Exercise requirements
Could you give the listing again exactly, without its pictures?

Provided material
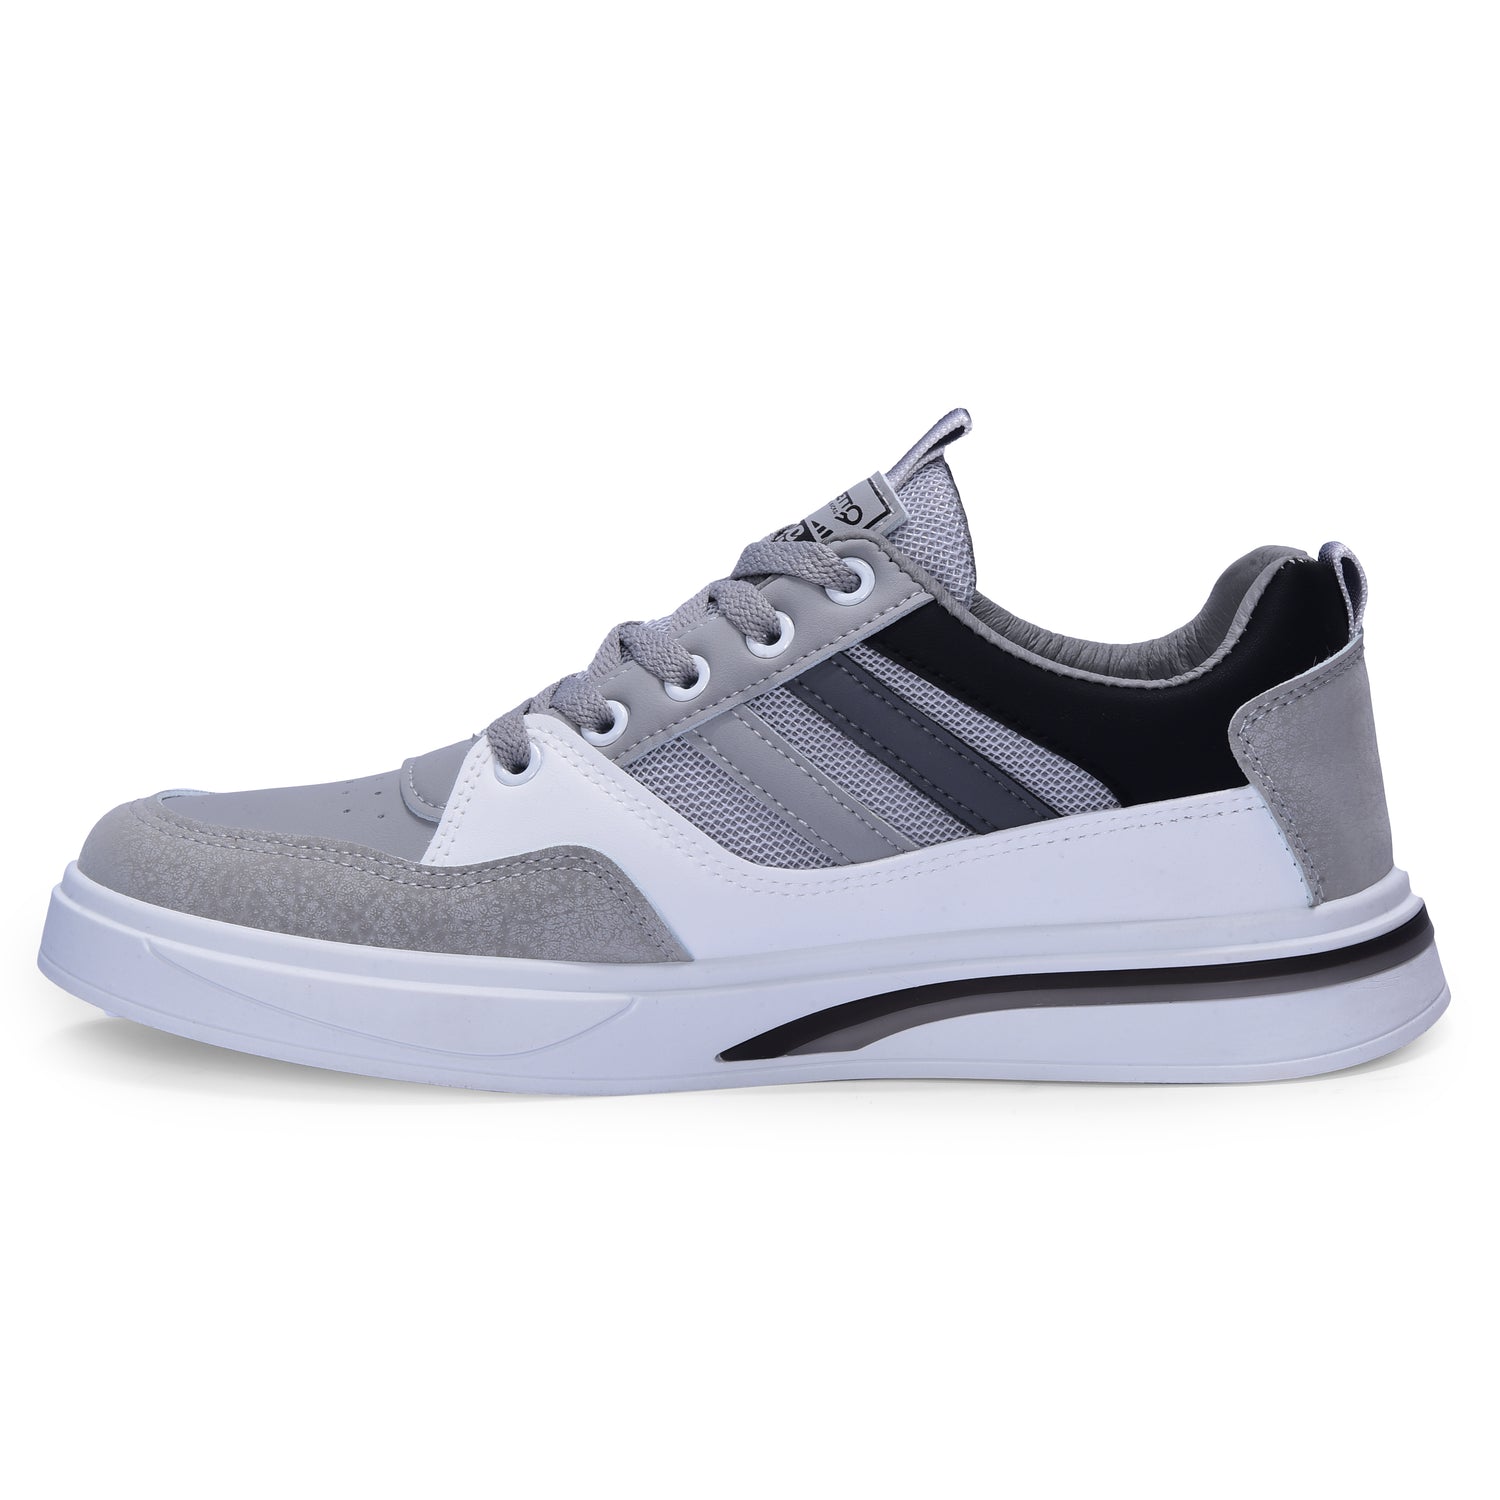 Calcetto CLT-2024 Grey Black Sneaker For Men
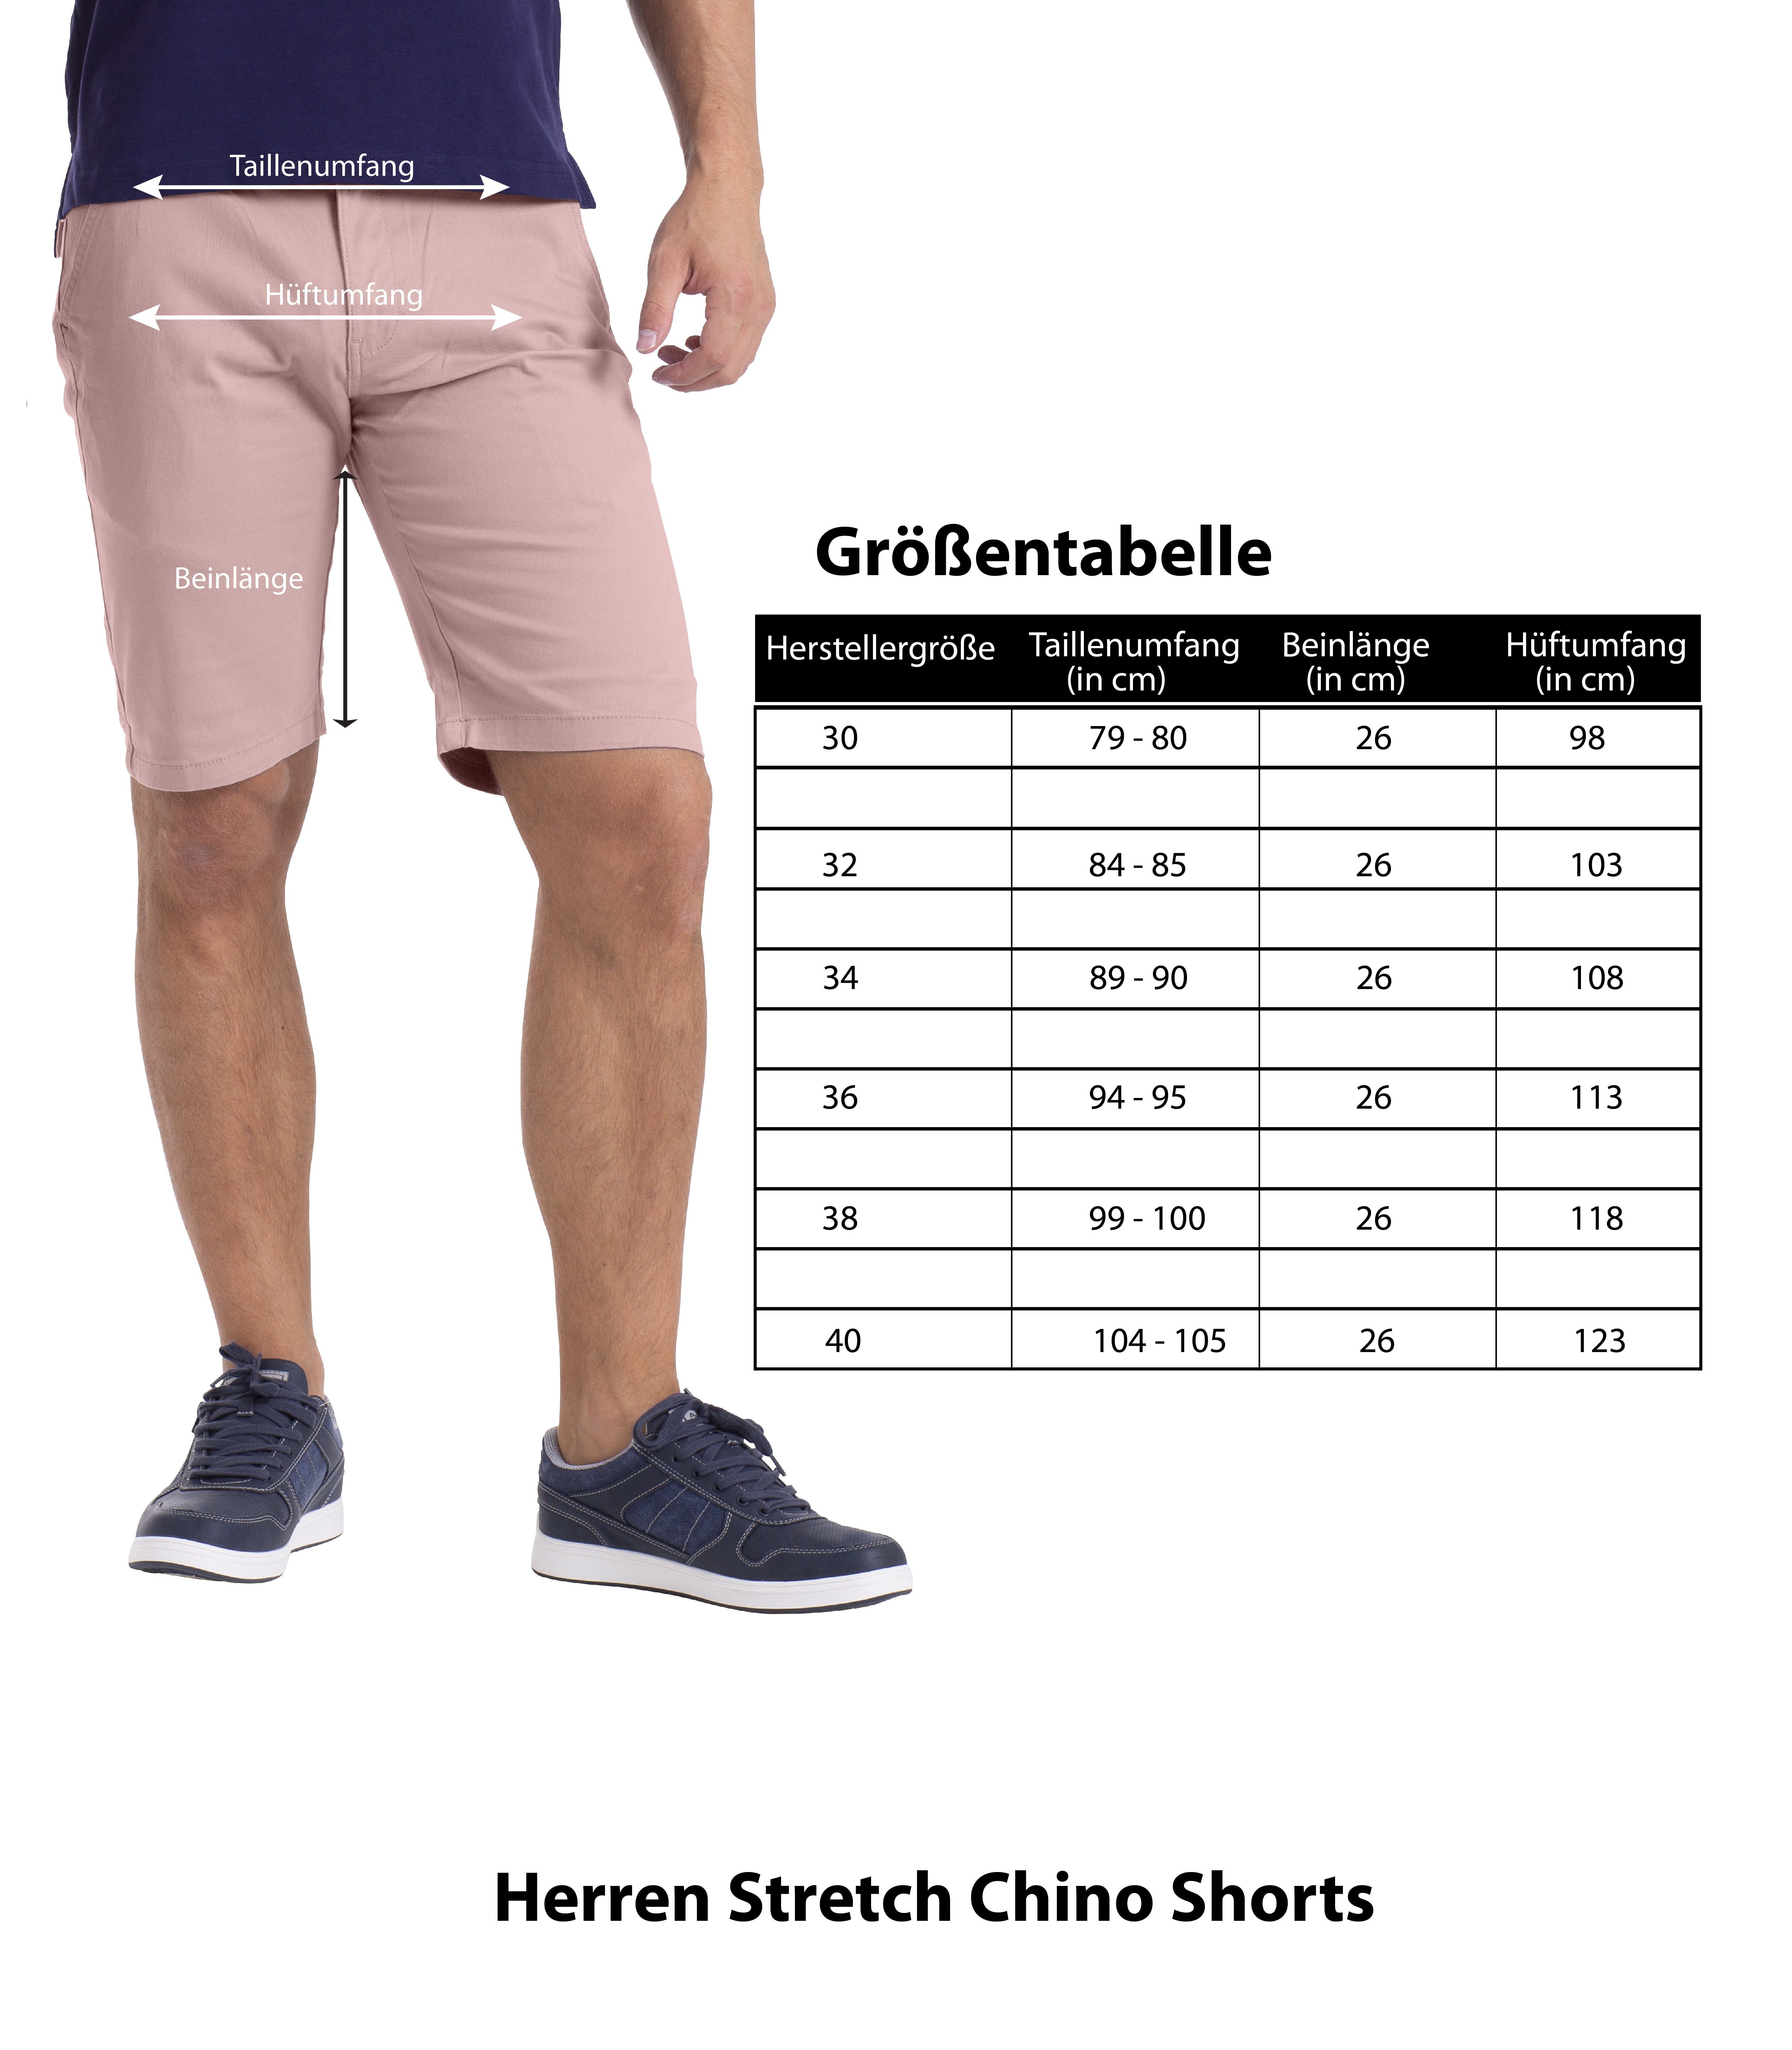 BlauerHafen Chinoshorts Shorts Bermuda Chino Fit Stretch Herren Hellrosa Strecken-Baumwolle Slim Hose
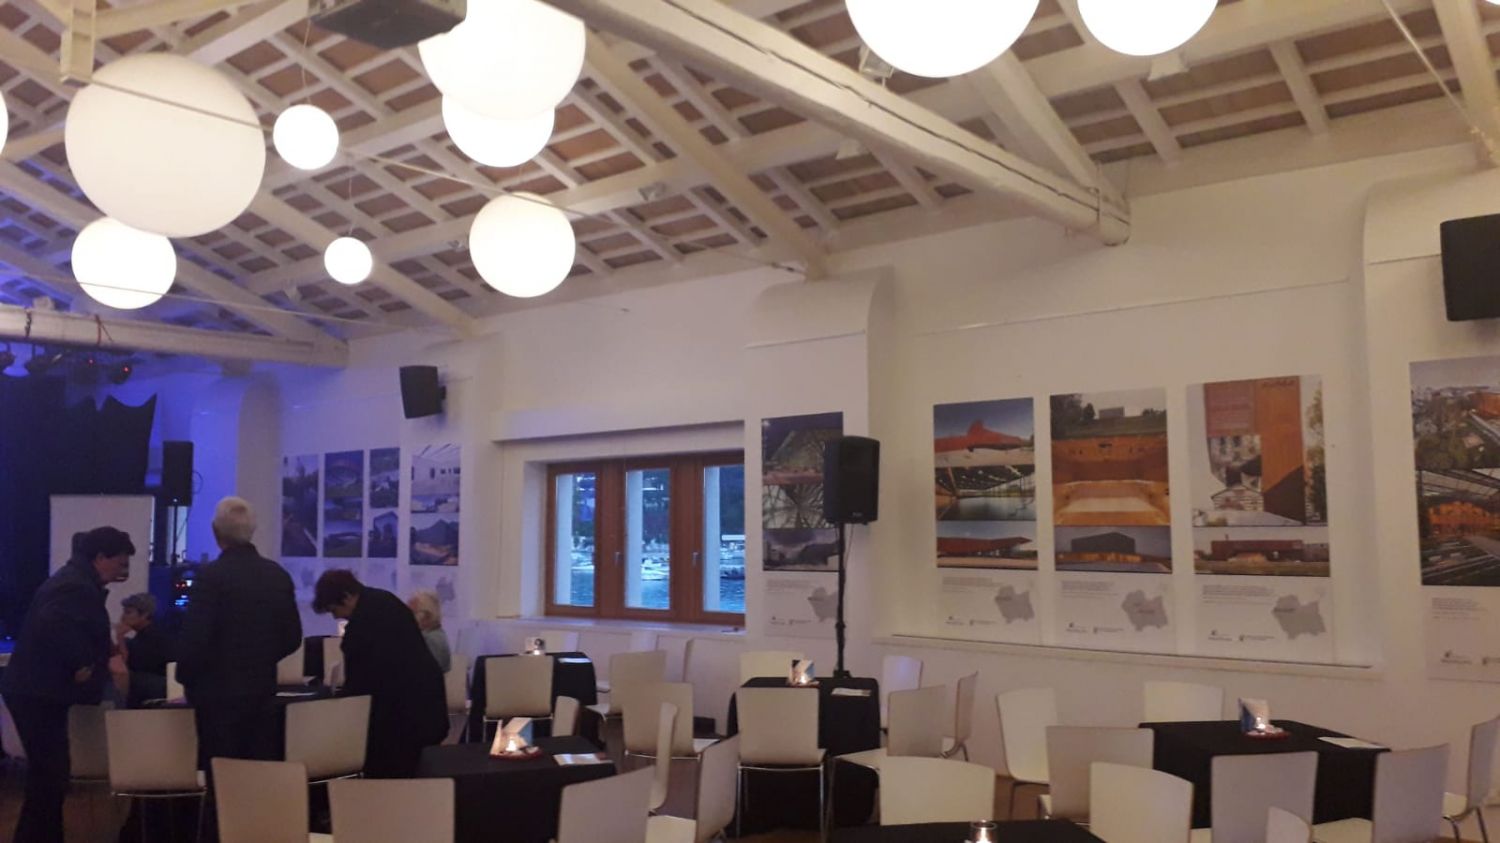 Na zdjęciu widać salę, na ścianach wiszą zdjęcia przedstawiające nowoczesne budynki z Małopolski, w sali znajdują sie stoliki z białymi krzesłami jak w restauracji, kilka osób stoi w rogu sali i dyskutuje.

Answer to this task
 Calcetto CLT-2024 Grey Black Sneaker For Men
 BlauerHafen Chinoshorts Shorts Bermuda Chino Fit Stretch Herren Hellrosa Strecken-Baumwolle Slim Hose
 Na zdjęciu widać salę, na ścianach wiszą zdjęcia przedstawiające nowoczesne budynki z Małopolski, w sali znajdują sie stoliki z białymi krzesłami jak w restauracji, kilka osób stoi w rogu sali i dyskutuje.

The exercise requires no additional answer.